There's more to BIM than acronyms and buzzwords
The other day I shared with my office the results of the recent NBS National BIM Report 2017, in which 62% of respondents claimed to have adopted BIM and 70% of them to have achieved Level 2. A colleague emailed me back, ‘you guys are taking over… scary!’ Two things struck me straight away; one was the figures themselves and the other was my colleague’s response. He was obviously joking but it made me think.
Many people seem to think BIM advocates are a closed lobby trying to take over the industry and hinder creativity, speaking an unknown dialect in which every other word is an acronym: ‘The BEP is the response to the EIR, includes the MIDP, the MPDT and lives in the CDE which is managed by the IM… Do. You. Understand?’
Truth is, BIM workflows don’t harm creativity or the quality of architectural output . In fact, it helps us do all that we do anyway, just in a different, more structured way. Architects producing good architecture without BIM will still produce it with it; they’ll just be quicker, more methodical and more able to mitigate risk. There’s no such thing as a BIM project – it’s an architectural one using BIM workflows.

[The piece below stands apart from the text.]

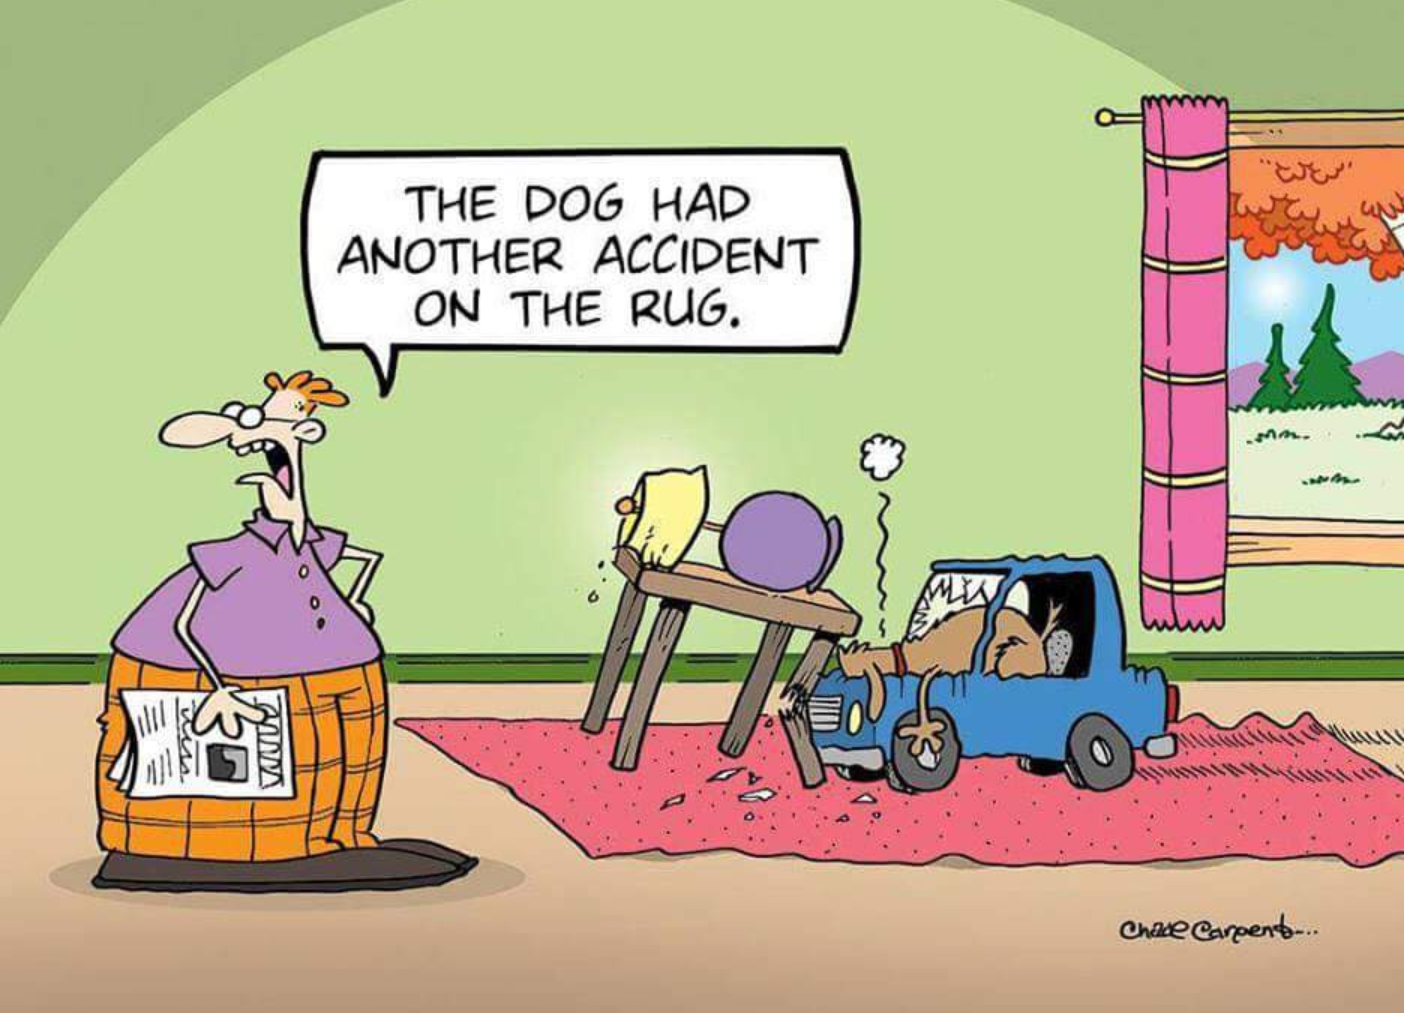 tundra dog comic - The Dog Had Another Accident On The Rug. Wa Nry Una Chae Carpent

What about the unknown dialect? I’ve never been fond of acronyms and buzzwords; but there are webinars, training courses, the regional BIM hubs, to help you see behind them – and most are free. It is up to you to see what we see and get involved. And it’s up to us to open up more and share our enthusiasm with less jargon.
The second thing that struck me was the number of people claiming to have adopted BIM and to have achieved BIM Level 2; as I have yet to see a whole design/construction team, including the supply chain, all working collaboratively in BIM on a project- let alone one that’s reached Level 2 maturity. Maybe this is because I’m involved in private sector projects, but I suspect most respondents were BIM savvy, which doesn’t reflect my experience.
It’s been six years now since the BIM mandate and the use of common standards, methods and procedures, the rule-based cross-discipline 3D co-ordination and QA, the ability to perform buildability analysis at various stages, to manufacture off-site and to capture data of the installed products are all benefits of BIM that we have begun demonstrating. We have the ability to create a live model which represents the built asset and use it throughout its lifetime – yielding massive savings to consultants and clients.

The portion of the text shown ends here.